* _What you need to do_
Below are entries with pictures in them. Output exactly the lines starting at the line with "2004-11001 Geoperformance Drilled/Slotted" and ending at the line with "JEANS FLARE NEGRO", both included, but not the pictures.

* _Material to process_
┏━━

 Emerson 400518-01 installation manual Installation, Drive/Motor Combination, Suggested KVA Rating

┗━━
┏━━

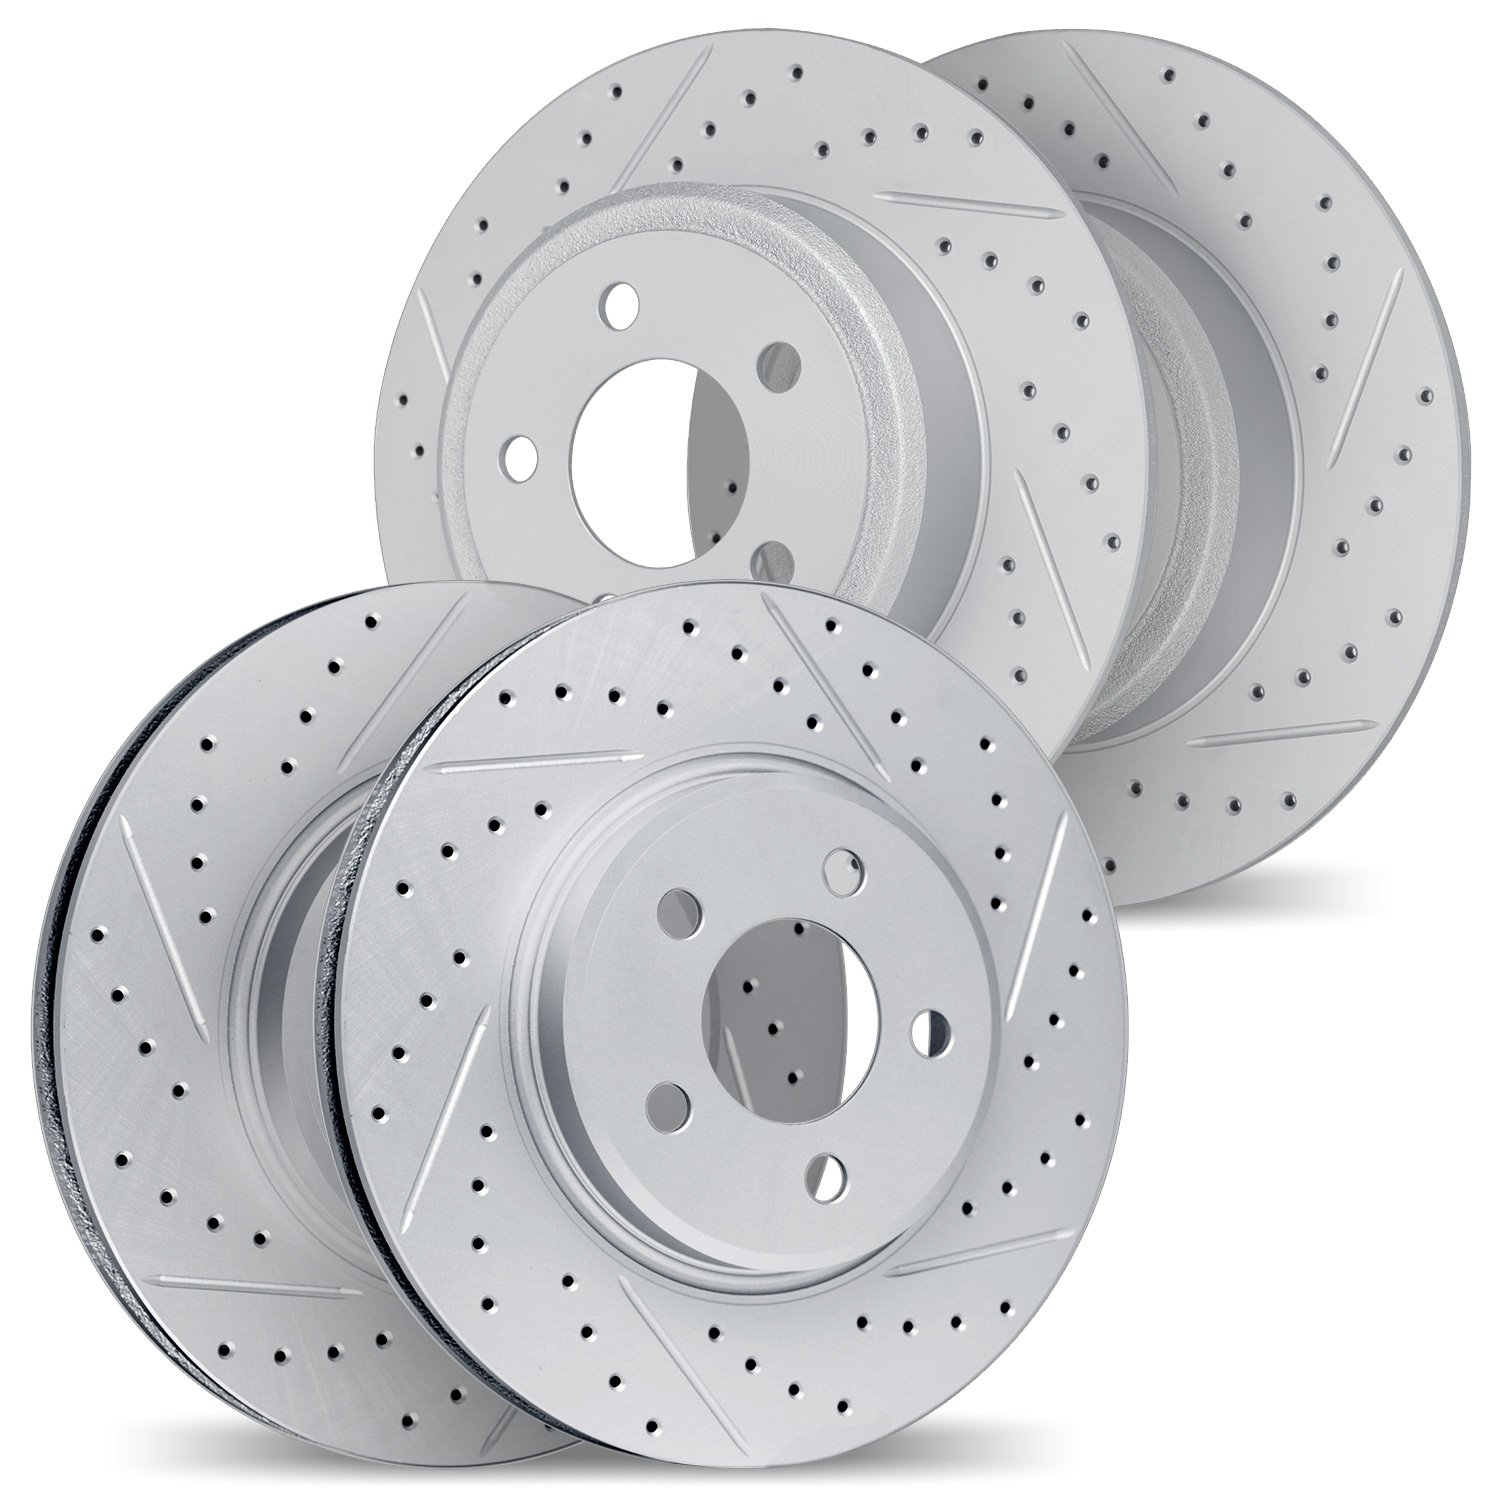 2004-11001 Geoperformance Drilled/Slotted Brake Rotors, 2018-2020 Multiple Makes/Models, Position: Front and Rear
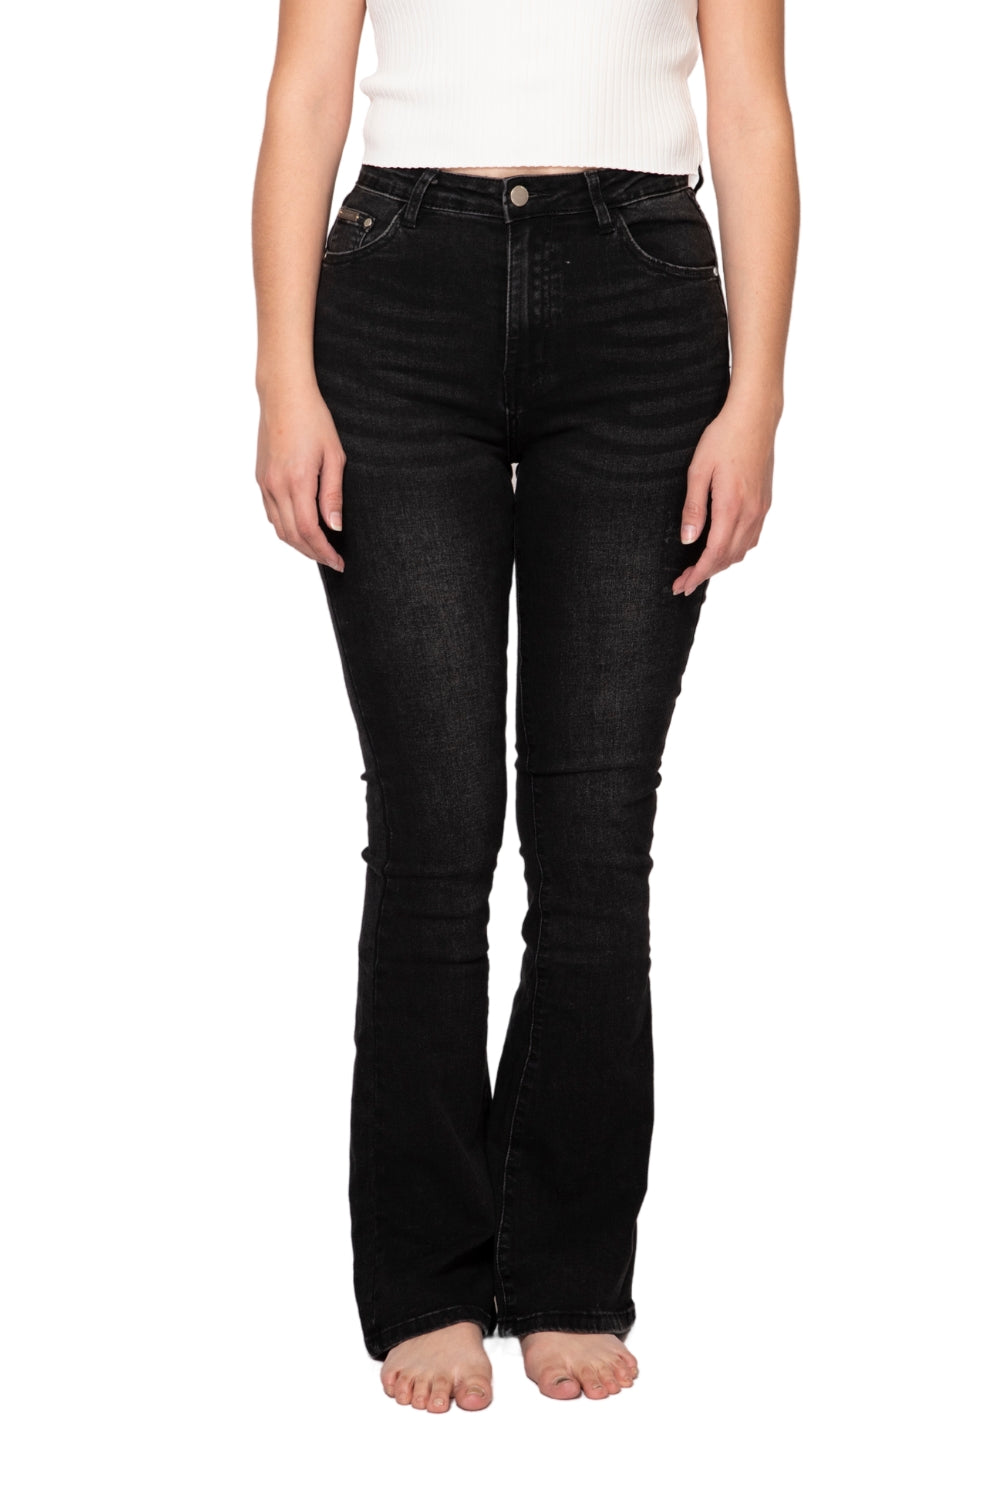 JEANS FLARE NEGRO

┗━━

* _Written response_
 2004-11001 Geoperformance Drilled/Slotted Brake Rotors, 2018-2020 Multiple Makes/Models, Position: Front and Rear
 JEANS FLARE NEGRO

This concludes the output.